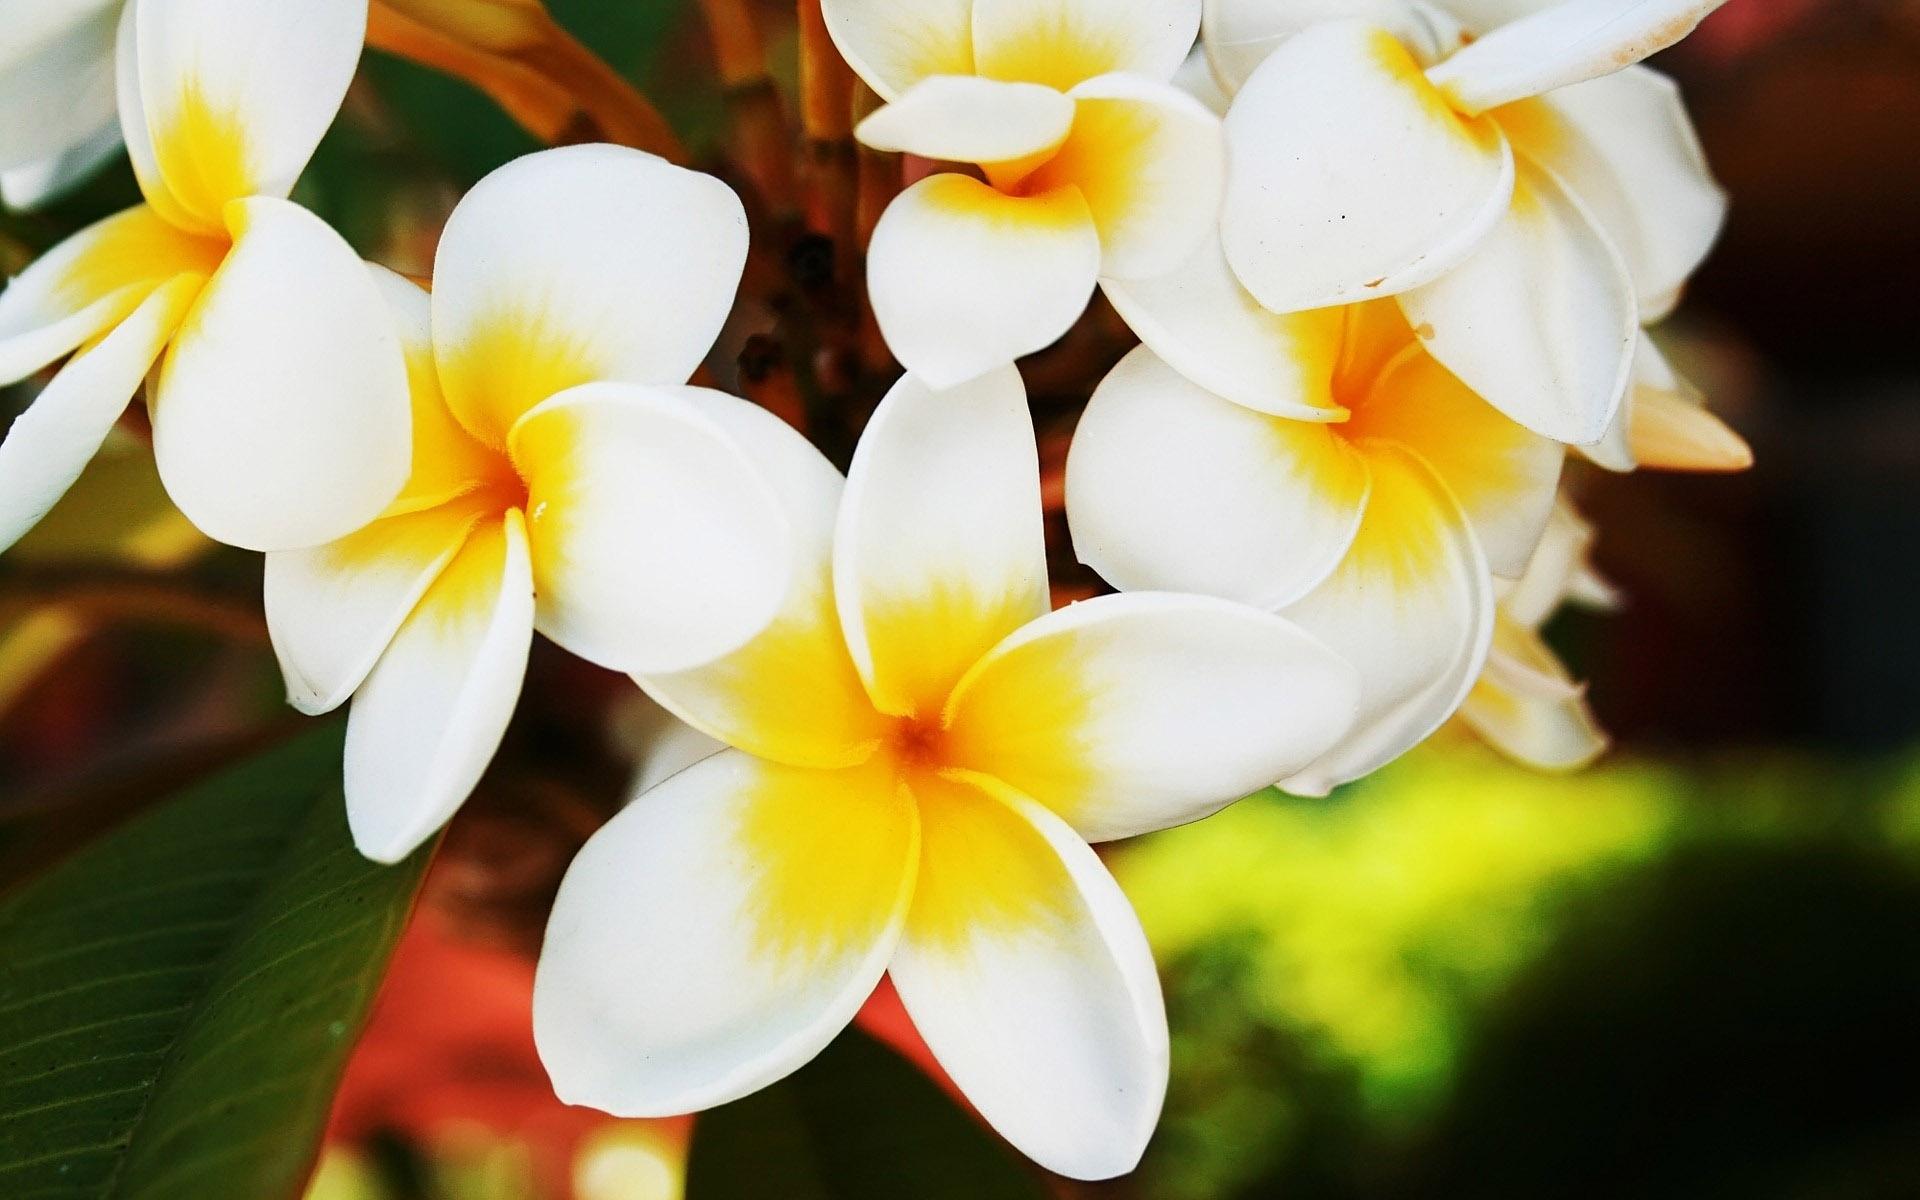 Nature Flowers Photos
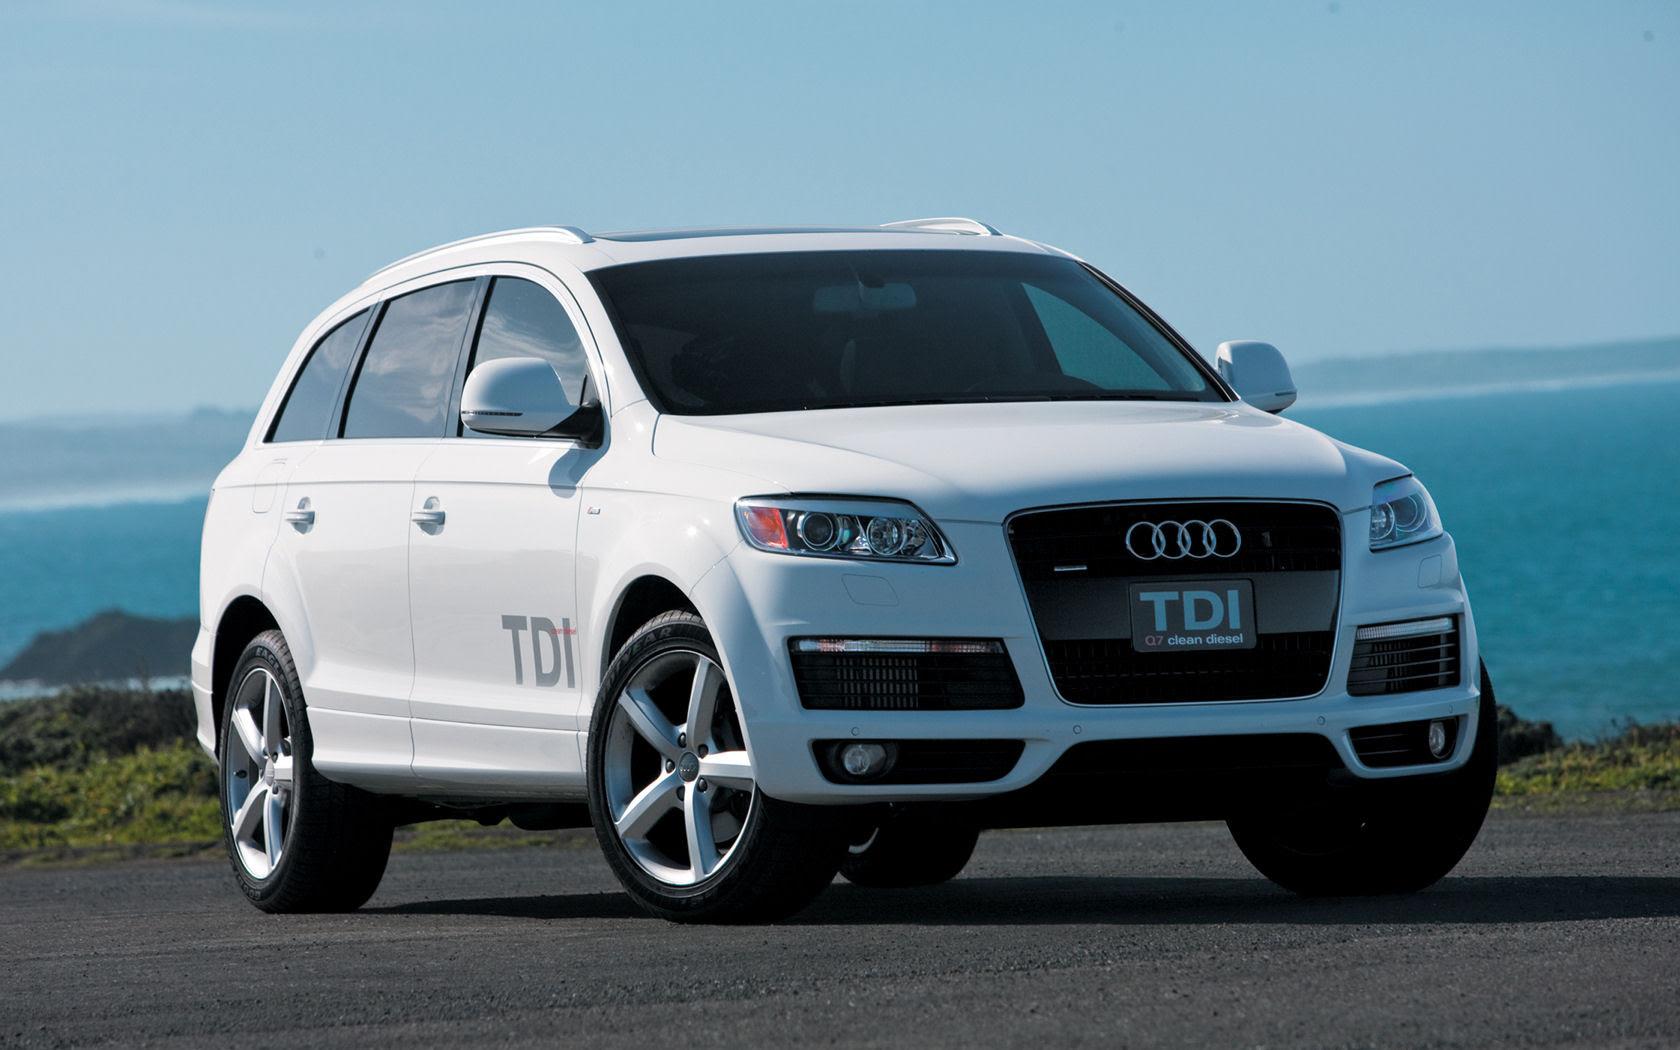 Amazing Audi Wallpapers For Desktop Pics
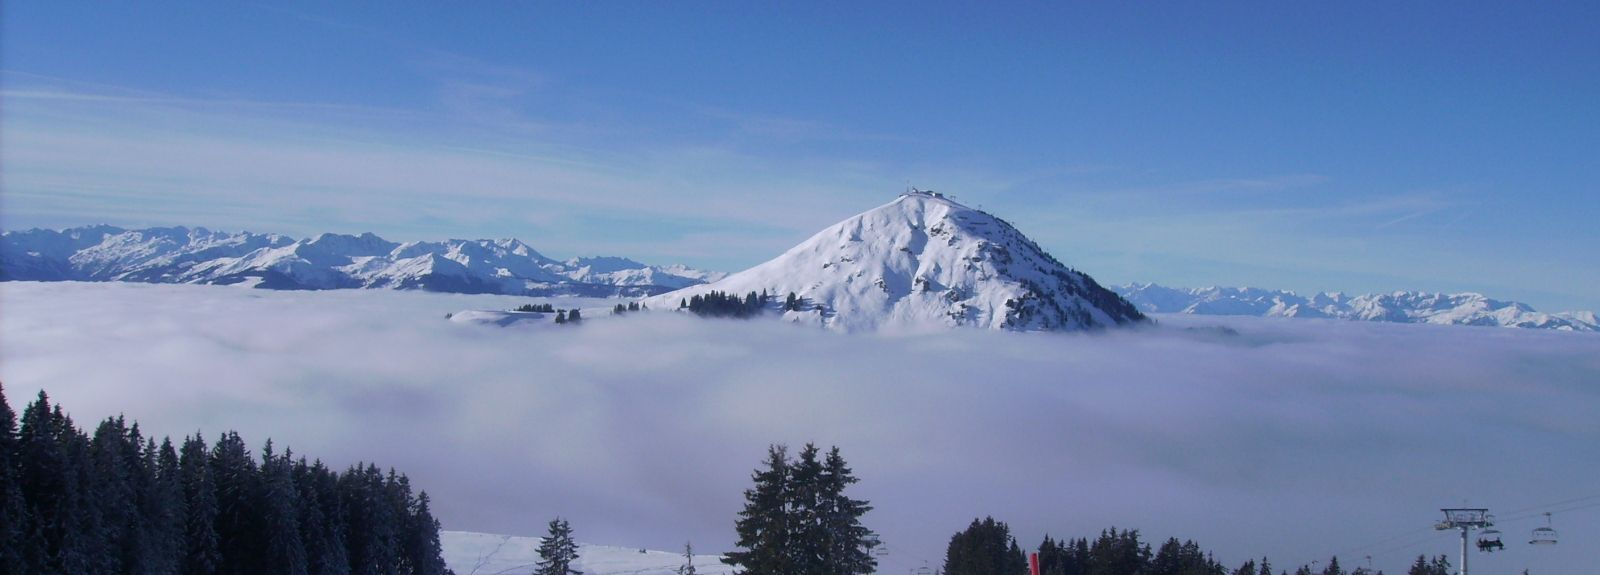 Angath, Tyrol, Austria

• [PROBLEM STATEMENT]
Go through the listing above and quote it exactly, apart from its images.

• [YOUR SOLUTION]
 Nature Flowers Photos
 Amazing Audi Wallpapers For Desktop Pics
 Angath, Tyrol, Austria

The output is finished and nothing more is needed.